[Your objective] Pictures stay out of the output. Return exactly the lines below from the one with "cc3d45d16c463 Compre Óculos" down to the one with "2019 Summer Toddler", both included, and nothing more.

[Material to process]
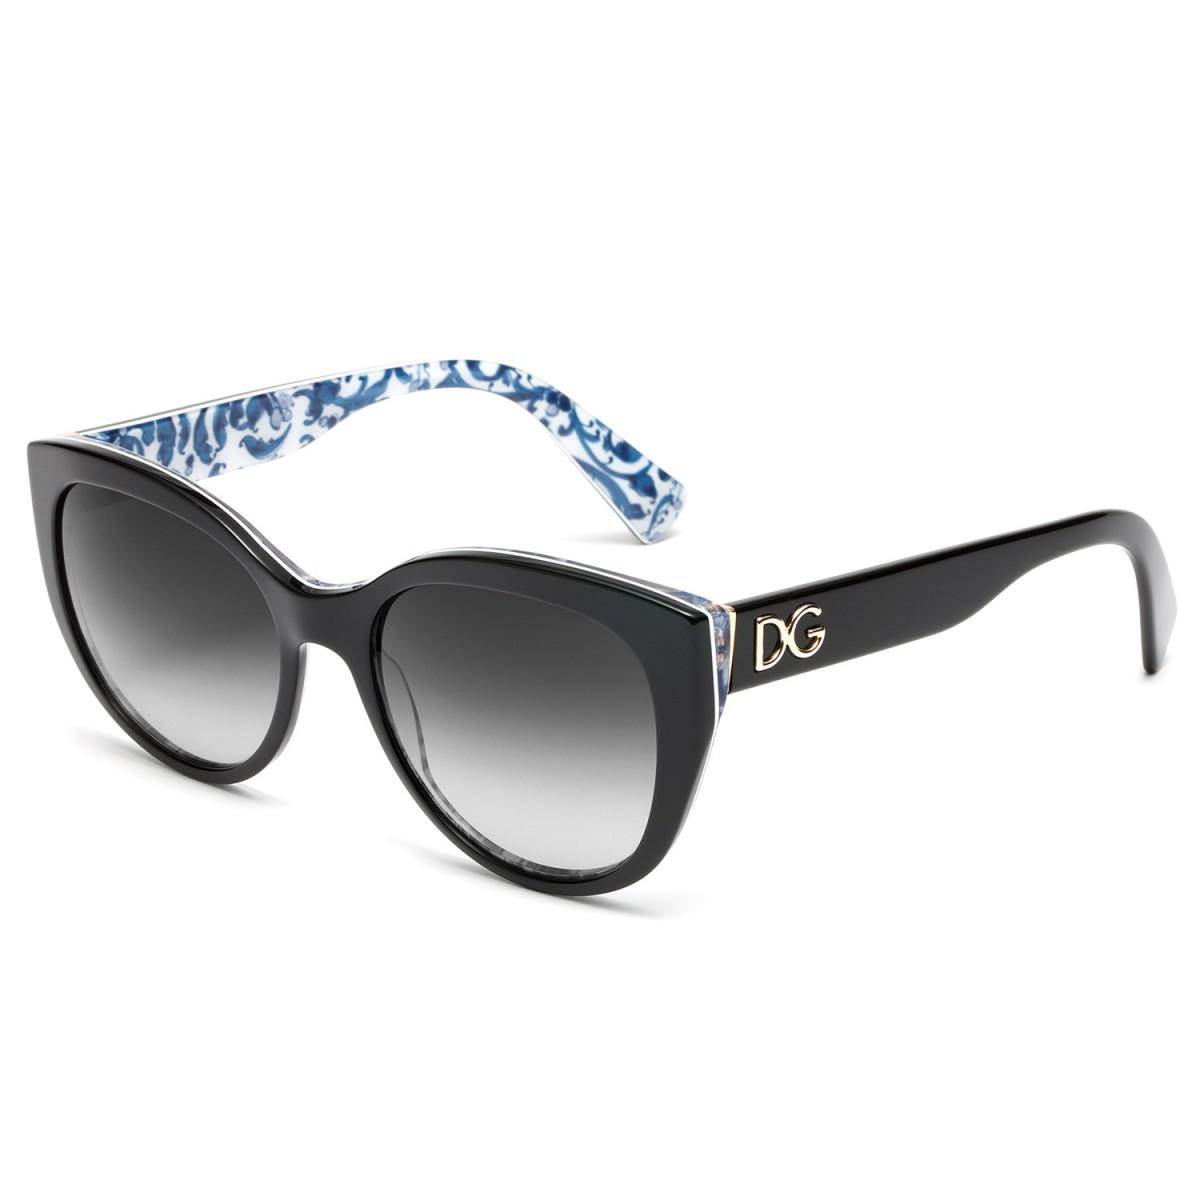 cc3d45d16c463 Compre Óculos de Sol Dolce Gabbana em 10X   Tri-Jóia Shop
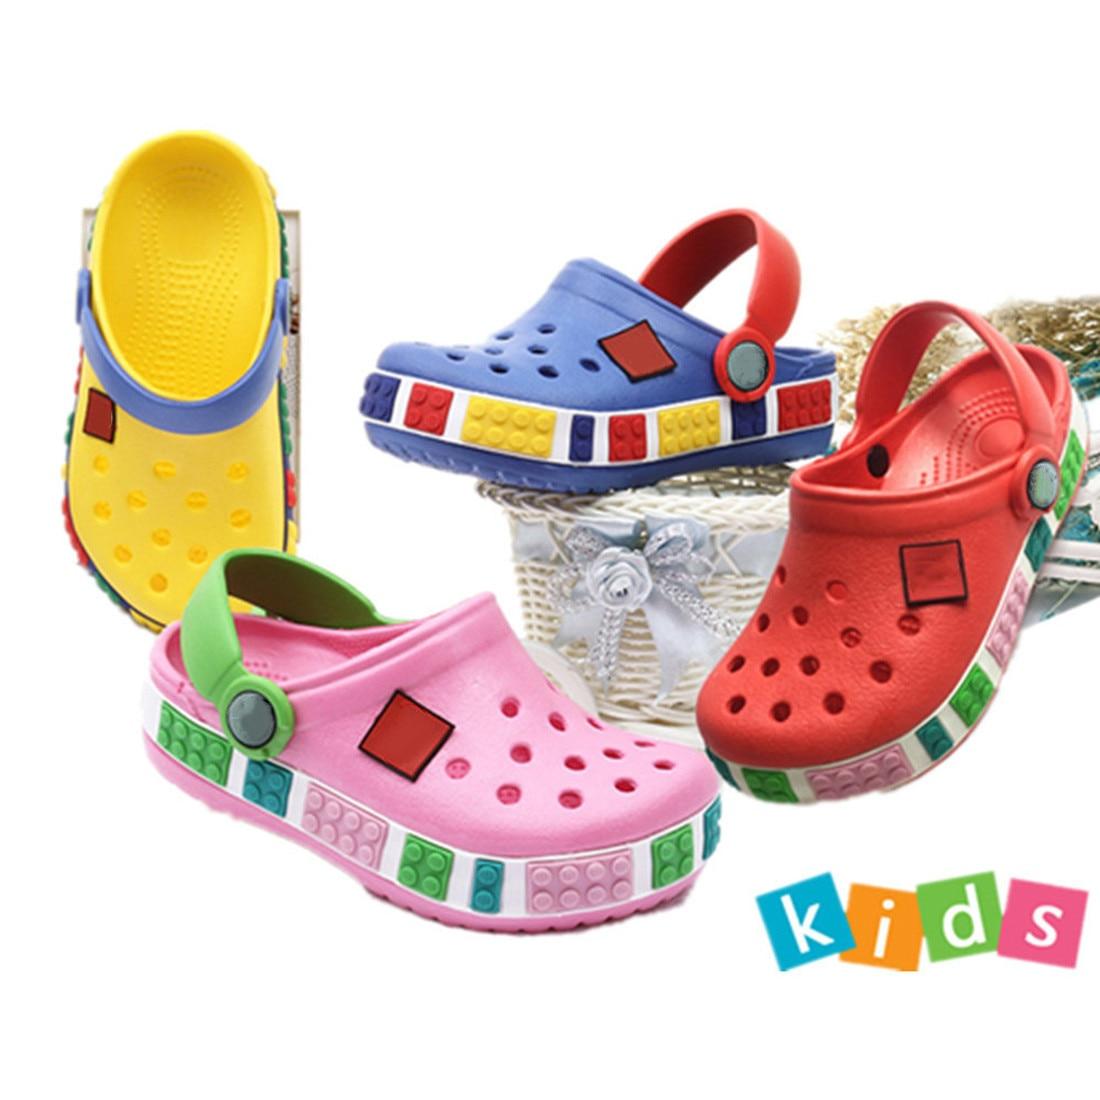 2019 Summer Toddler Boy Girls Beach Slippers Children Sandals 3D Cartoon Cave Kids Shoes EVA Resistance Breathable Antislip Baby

---

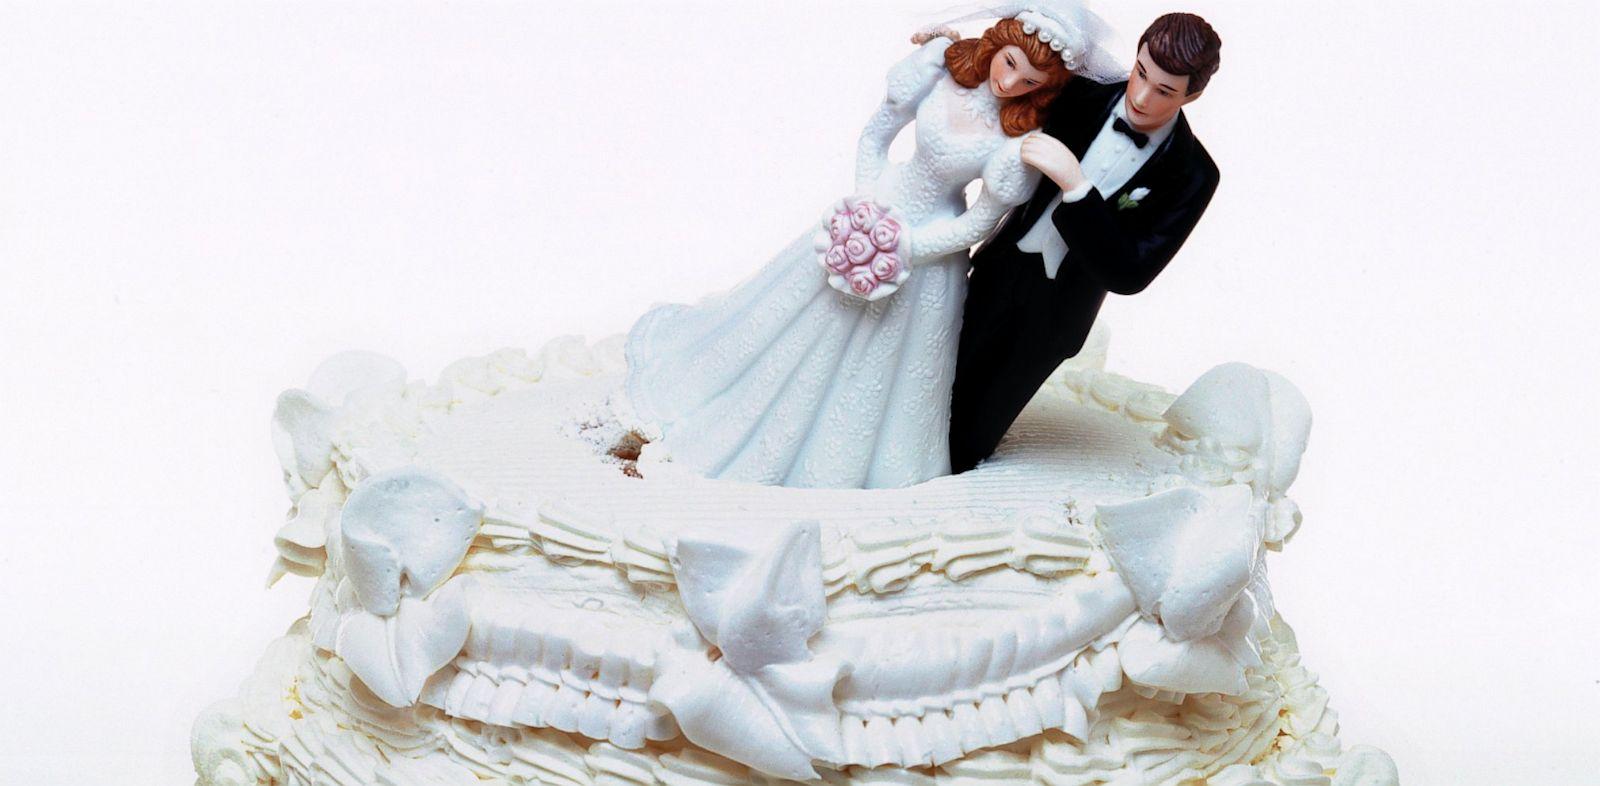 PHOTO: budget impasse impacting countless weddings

[Solution to the problem]
 cc3d45d16c463 Compre Óculos de Sol Dolce Gabbana em 10X   Tri-Jóia Shop
 2019 Summer Toddler Boy Girls Beach Slippers Children Sandals 3D Cartoon Cave Kids Shoes EVA Resistance Breathable Antislip Baby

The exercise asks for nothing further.